With our data cleaned and normalized we feature engineer to discover more patterns and insights within our dataset. The goal of feature engineering is to provide more variables for our algorithms to play with. By manually identifying these patterns, the computer doesn't have to expend additional effort to discover these patterns algorithmically.
This is the hardest part of data science so don't worry if you need more explanation or aren't good at it. Feel free to message @wooden-plancks on Slack if you want further explanation!
From experience, steps 1-3 should take up 90% of your time. It also just so happens that the first three steps occur organically with the inception of your questions. Once you start looking at the data, you'll want to answer some questions... which will lead you to clean the data to gather insights from it. Then you may have more questions so you'll repeat the cycle.

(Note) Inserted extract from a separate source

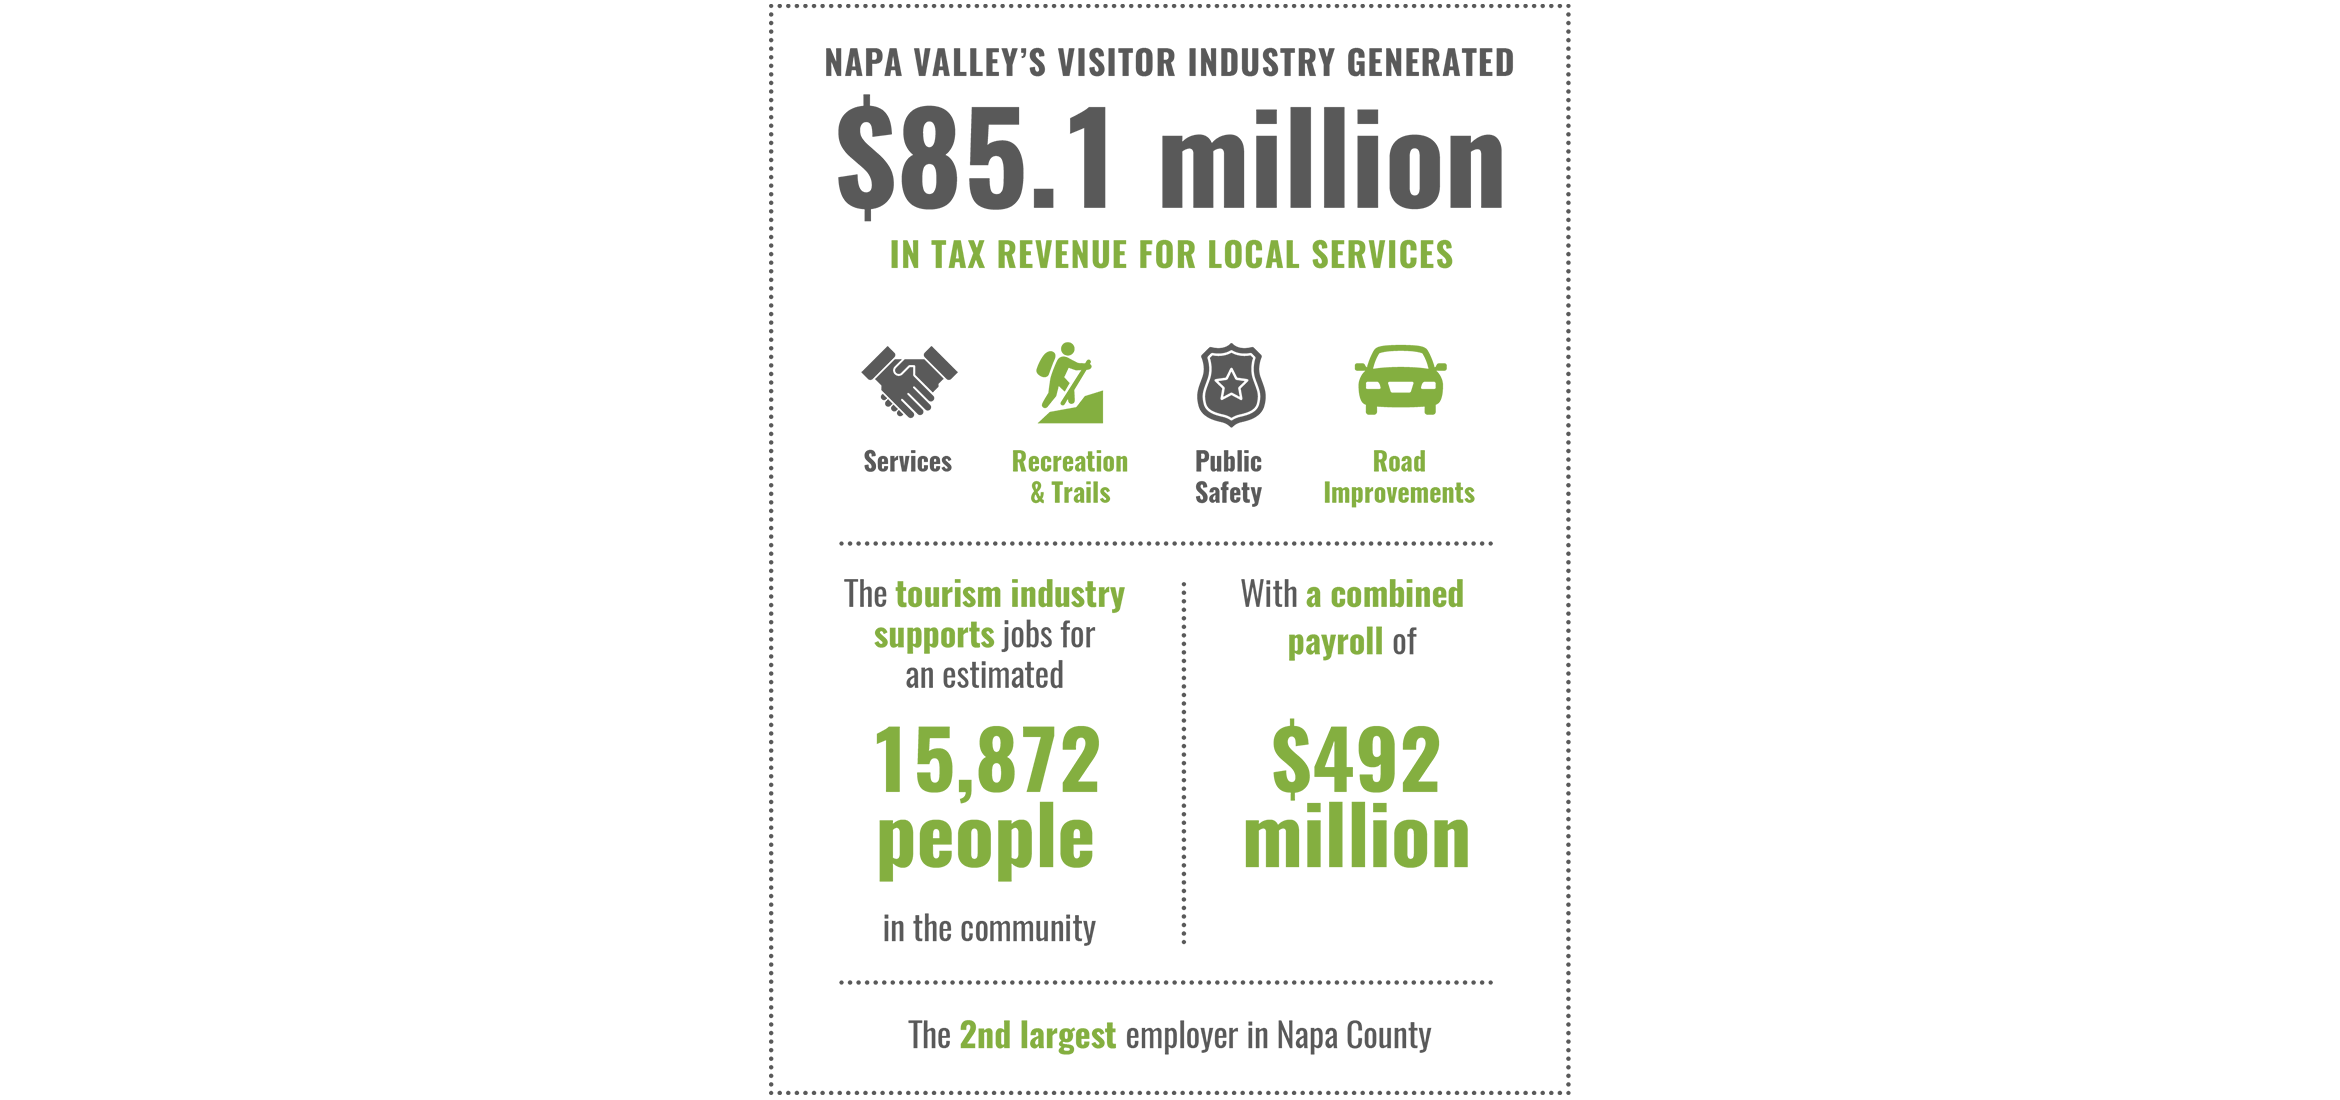 NV Tax Collections & Spending infographic

We can ask our first question of our data: does it rain more closer to Lake Ontario? If our hypothesis is correct, we know that as latitude decreases, precipitation should increase.
To see if there is a correlation between the two, we can use the cor() function.

In [16]:
cor(total$latitude, total$rainfall)

There's basically no correlation! There could be multiple reasons for this, including if the relationship between latitude and precipitation being non-linear or if the range in latitude is just too small.
We can keep on investigating to make sure that there is no significant correlation, but for now let's keep asking questions.
For example, let's ask this question:

In April, did it rain more in the morning?
To figure this out, we should look at the total rainfall for the entire month and group them by hours. We can do this using aggregate(). aggregate() takes in three things - the function you want to apply to your data, the data you want to apply the function to, and the list of values you want to aggregate your data by.

In [17]:
myData<-aggregate(total$rainfall, by=list(total$date$hour),FUN=mean)
myData
cor(myData[1], myData[2])

Group.1,x
0,0.008679317
1,0.004247254
2,0.001572286
3,0.001086207
4,0.0012
5,0.001410983
6,0.003339464
7,0.014837165
8,0.013294636
9,0.01566092


Unnamed: 0,x
Group.1,0.408948


Hey, this is interesting - there's a positive correlation! And not that much of a small one, either.
Can we say, tentitively, that it rains more later on in the day?
Obviously the correlation isn't a very effective way to describe the relationship. There are better, more complicated answers to our question we can get by generating models.

#### Generating the models
Once our dataset has been prepared (and you've answered most of your simple questions), we can finally have some fun and do some machine learning to make predictions! Depending on the type of dataset, you may want to implement a regression algorithm to predict a numeric value (like predicting the speed of a car given these variables) or sort variables into different categories (like passing or failing a test). We'll dive deeper into machine learning in workshop #3.

All of this will build up and give you trends or surprise you with the absence thereof. In any way, you'll be telling a story.

#### Storytelling
The purpose of data science is to tell a story. We crunch numbers to discover new things and to propose new policies. Our world will crumble if decisions were not backed by data. So whatever you do when you're analyzing your dataset(s) always keep this purpose in the back of your mind.

These workshops will help you on your way to telling a story with your data. You have a long way to go, but for now, congratulations on completing Week One! You can now manipulate and clean, and, using what you have learned, no dataset will be too big!